Because False Claims Act investigations are expensive, organizations should consider purchasing coverage for investigation defense fees triggered by the receipt of a subpoena or target letter as well as considering what exclusions may apply. In particular, as the federal government becomes more aggressive in demanding admissions of wrongdoing, organizations should review the scope of any exclusions of coverage that might be triggered by such admissions.
Listen to Internal and External Concerns
Another procedure organizations should implement is an internal complaint or reporting process. As noted above, the False Claims Act contains a robust whistleblower process. Many whistleblowers try to raise concerns internally and only proceed to a False Claims Act proceeding if they feel their concerns are not taken seriously and addressed.
Ensuring a robust process where employees know they can raise concerns and receive a response can provide organizations with the opportunity to detect and address issues and reduce the risk of whistleblower actions.
Educate Leaders on Personal Liability
The False Claims Act is particularly threatening (and effective) because it provides for individual liability.

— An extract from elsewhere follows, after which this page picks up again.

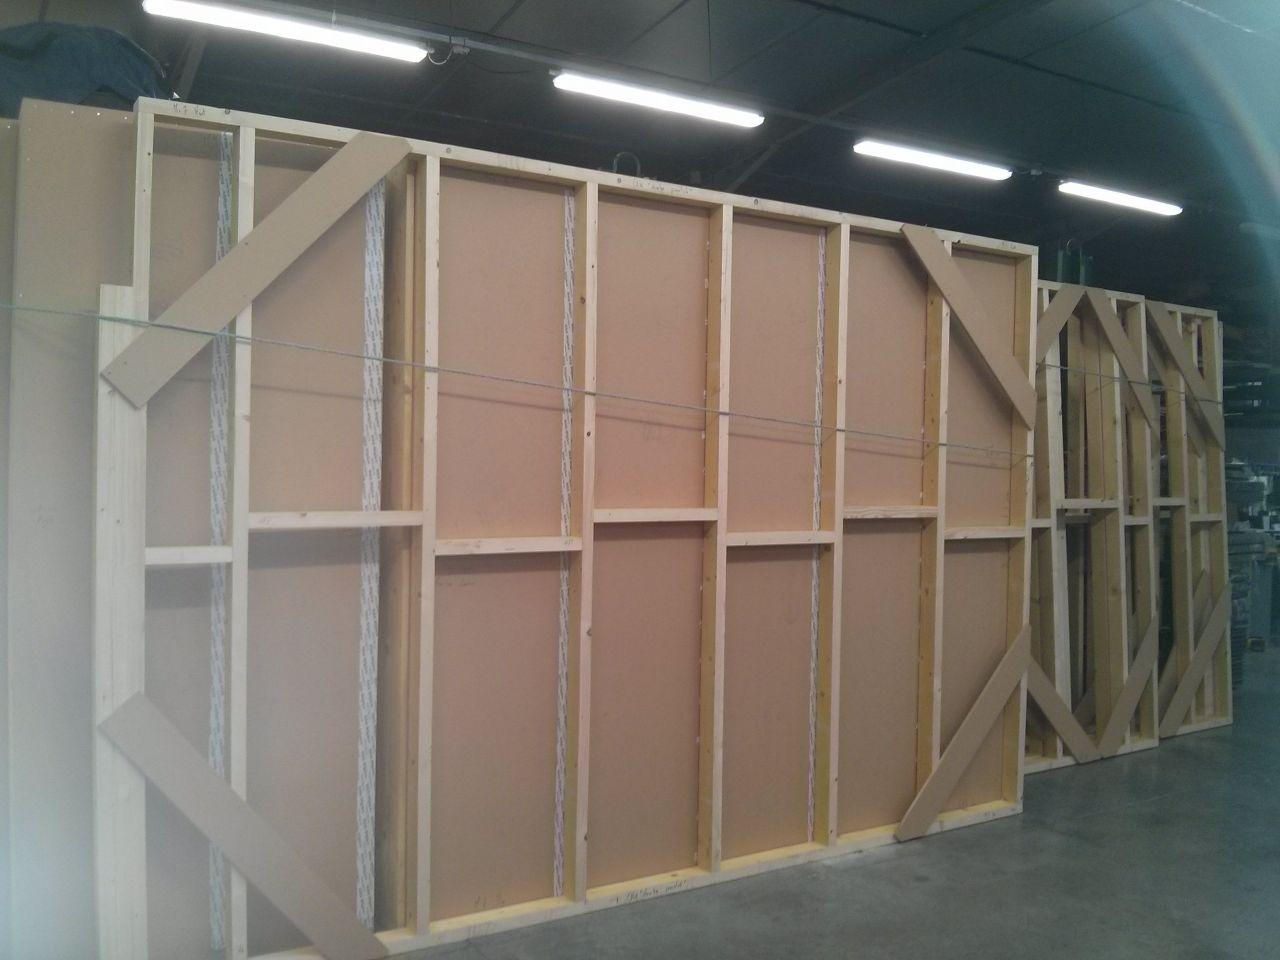 Stockage de tous les murs en attendant le transport sur le chantier
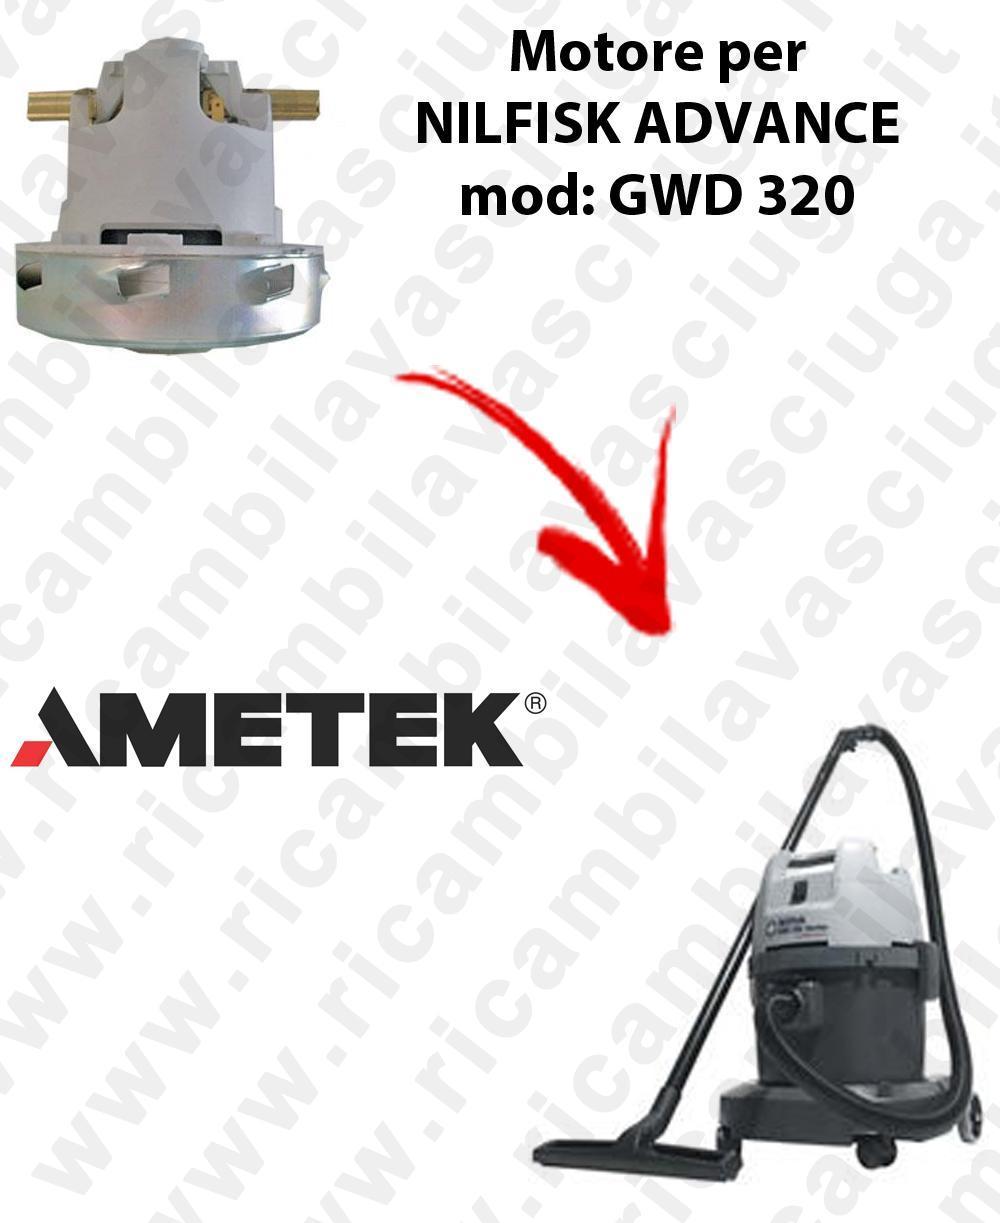 GWD 320 MOTORE AMETEK di aspirazione per aspirapolvere NILFISK ADVANCE

Anyone who submits a false statement or false claim for payment, as well as anyone who causes such a submission, can be personally liable to the same extent as an organization.
Leaders will often expose themselves to such personal liability. Responsible organizations should educate their leaders on this potential liability. Individuals who understand they are personally on the hook may internalize the risks of noncompliance. Organizations should support these individuals with access to the resources they need to feel comfortable about the organization’s compliance.
Cybersecurity considerations are already top-of-mind for many business leaders, and businesses that contract with the federal government are aware of False Claims Act liability risks. Businesses, particularly those that contract with the government, should do as much as possible to ensure compliance with the myriad cybersecurity requirements to avoid potential False Claims Act investigations and liability.